JR East currently procures 40% of the electricity used to operate is trains from its thermal power plant. The company has been eyeing hydropower as another way to continue diversifying its energy sources going forward. By fiscal 2030, it plans to tap renewable energies to supply 20% of the power used in its railway business.
Such moves coincide with a larger trend in the freight industry, which has increasingly been transporting goods via trains instead of trucks in order to lessen its environmental impact.

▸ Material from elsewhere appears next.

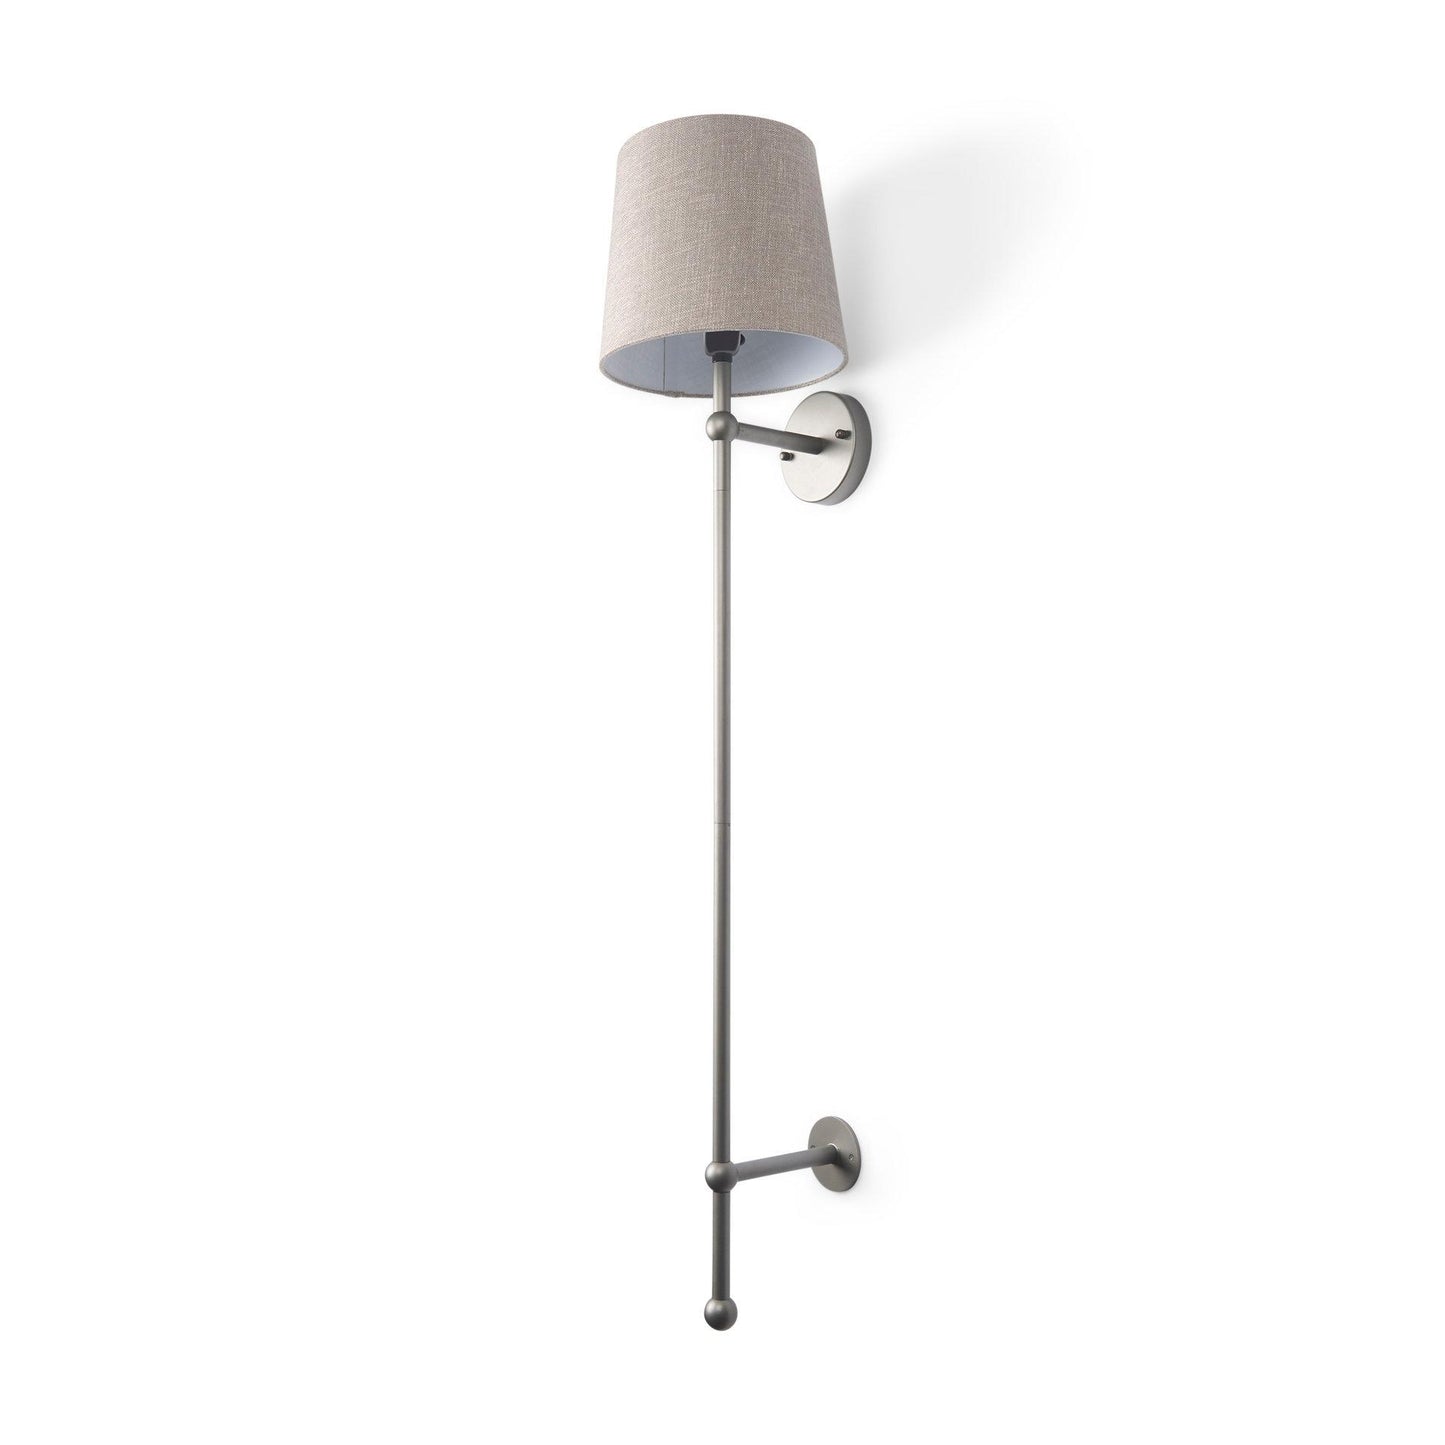 Chester 10 x 47 Gray Metal and Beige Fabric Shade Wall Sconce

Japan Freight Railway Co. (JR Freight) expanded in March its fleet of freight trains dedicated to the transport of cargo entrusted by logistics giants Fukuyama Transporting Co. and Seino Transportation Co. Ferrying consumer parcels in its container cars, JR Freight will assume a role conventionally filled by long-haul trucks. The decision of both Fukuyama and Seino to rely more heavily on freight trains was motivated by a growing shortage of truck drivers and the growing impetus for decarbonization.
Rail transport accounts for a mere 5% share of the total domestic shipping pie, as measured by the “ton-kilometer” standard, which looks at both cargo weight and distance traveled.
As JR Freight president Koichi Shingai explained, “[Freight trains] produce one-eleventh the CO2 emissions of trucks” to ship the same piece of cargo across a given distance, a factor he cited as further compelling business operators to embrace rail transport.
The shift has been made all the more enticing by the government subsidies offered to firms that hop on the rail bandwagon.